Chicago — A man who robbed a bank in the Gold Coast earlier this year and then had a free-flowing conversation with FBI agents who took him into custody has been sentenced to 63 months in federal prison.
Luther Fluker, 43, walked into Citibank, 1 East Oak, on February 22 and placed a note on the teller counter.
“Put the money in the bag,” read the note, which was written on an Illinois Lottery ticket. Officials said the teller put $2,400 into an envelope and handed it to him.
Chicago police spotted Fluker wearing clothes that matched the bank robber’s on the 800 block of North State about seven minutes after the holdup, the agent wrote. Cops saw Fluker toss something into a trash can, and they discovered a Citibank envelope containing the bank’s cash and the holdup note inside the rubbish bin, according to the FBI.
Fluker refused to talk with Chicago police but later agreed to have a conversation with FBI agents, explaining that he simply didn’t want to talk with CPD, an agent reported.
During the FBI interview, Fluker claimed he did nothing wrong except carry counterfeit bills that he uses to buy cigarettes at convenience stores, according to the agent. He identified himself in one surveillance image of the bank robber but said another picture of the same person walking away from the bank teller was not him, the agent wrote.
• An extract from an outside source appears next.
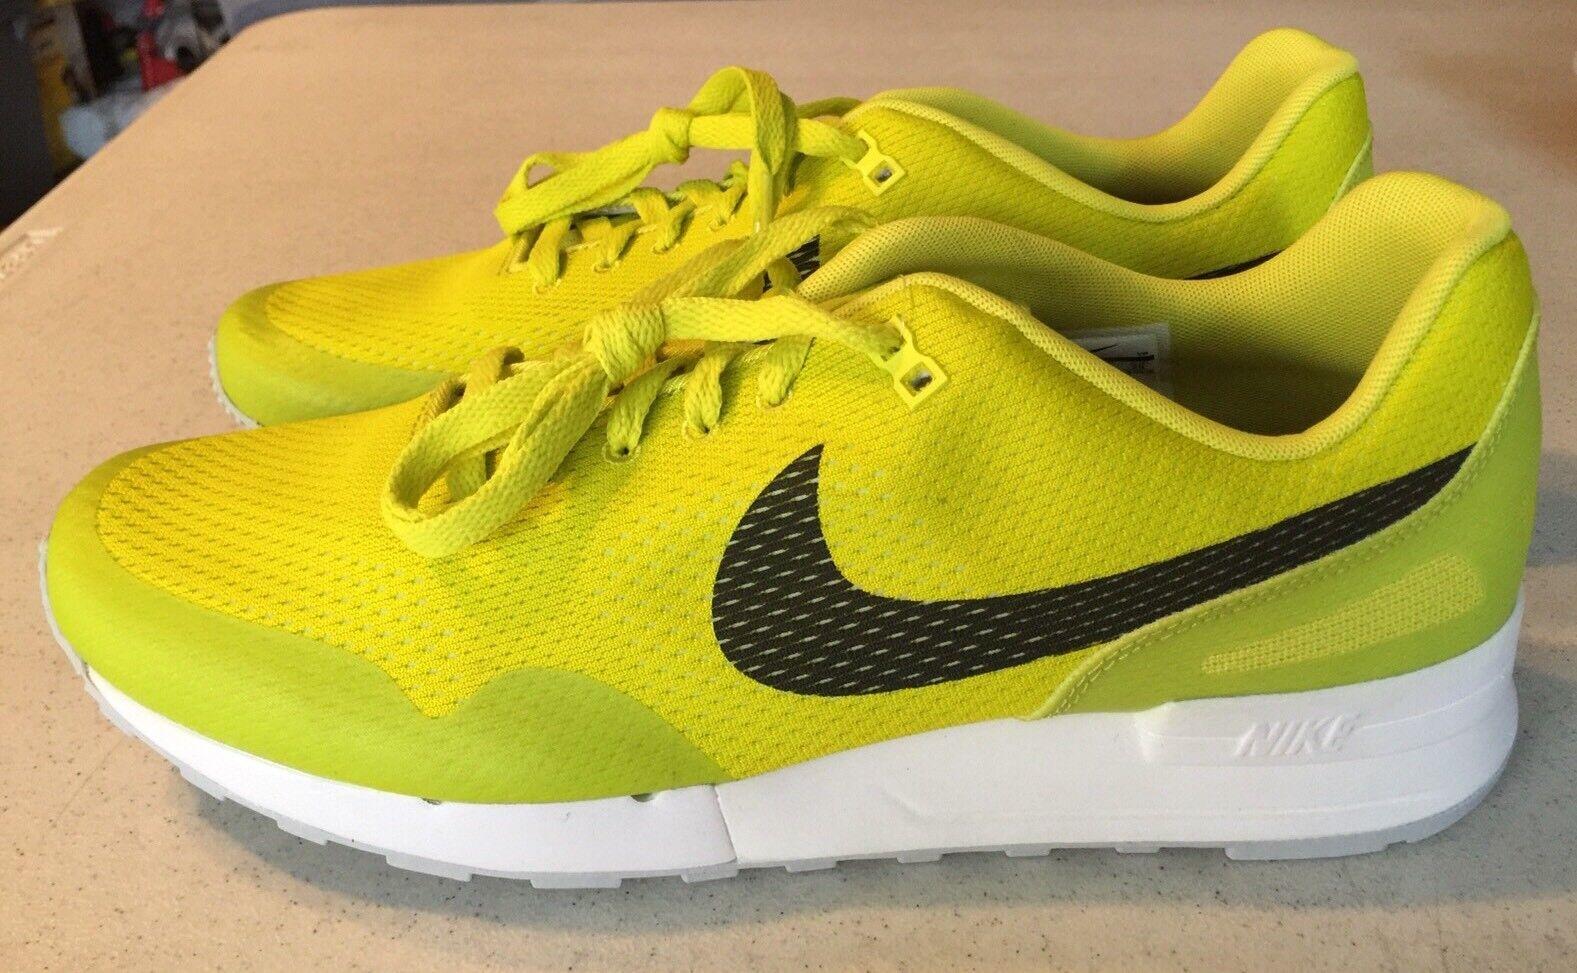 Nike Air Pegasus 89 EGD Running Shoes 876111-300 US 11
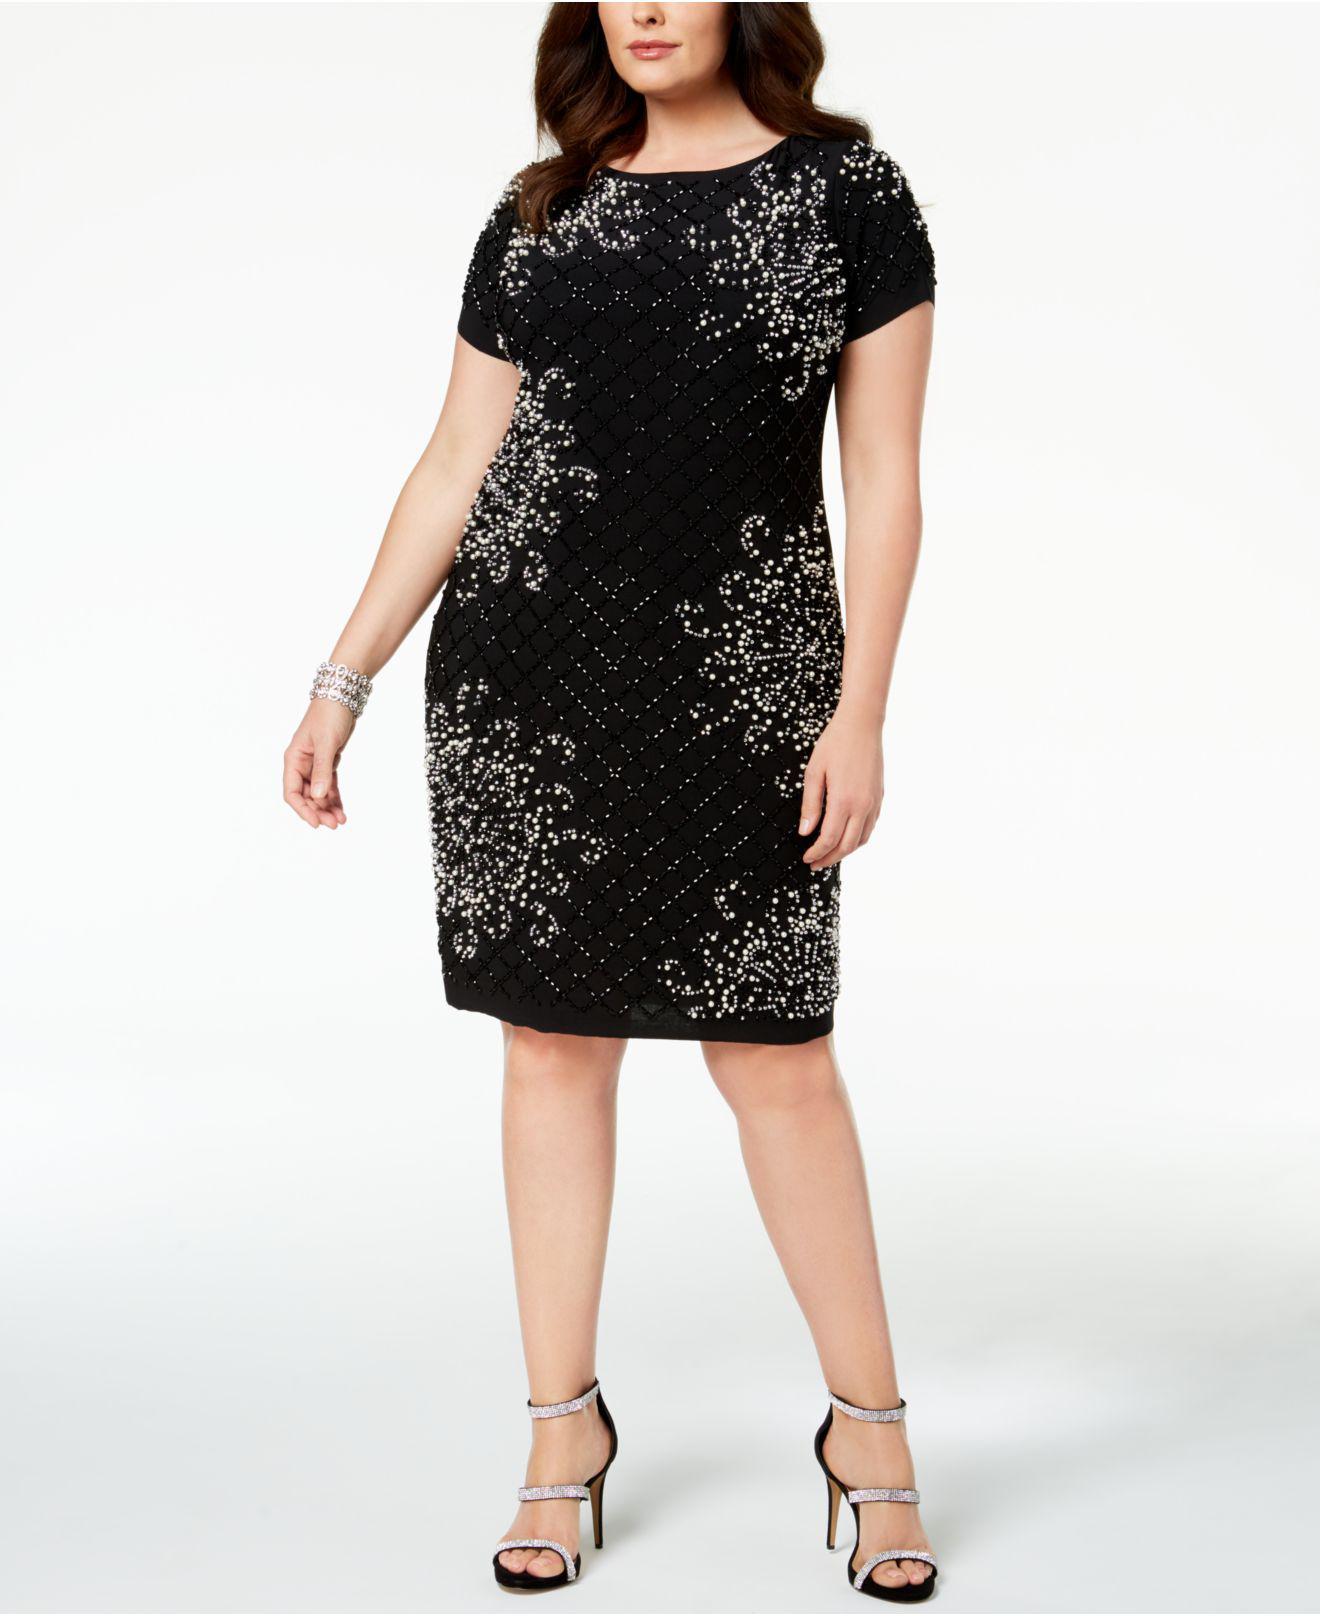 6781159ea2f Lyst - Betsy   Adam Plus Size Embellished Sheath Dress in Black

Fluker then asked how much time someone might get for a robbery like that.
According to court records, federal prosecutors recommended a sentence of 63 to 78 months to US District Judge Martha Pacold. Fluker’s attorney, citing his troubled childhood, asked for 40 months.
“Unfortunately for Mr. Fluker, when he was just 13 years old, the organization that recruited and provided guidance to him was the local street gang, which he joined to ‘fit in,'” his attorney wrote.
“He was surrounded by negative influences, including older siblings who were in and out of legal trouble when he was a child. Luther described … memories of walking past a dead body in his neighborhood on the way to school and estimated that he lost over 20 friends to gun violence or prison while growing up.”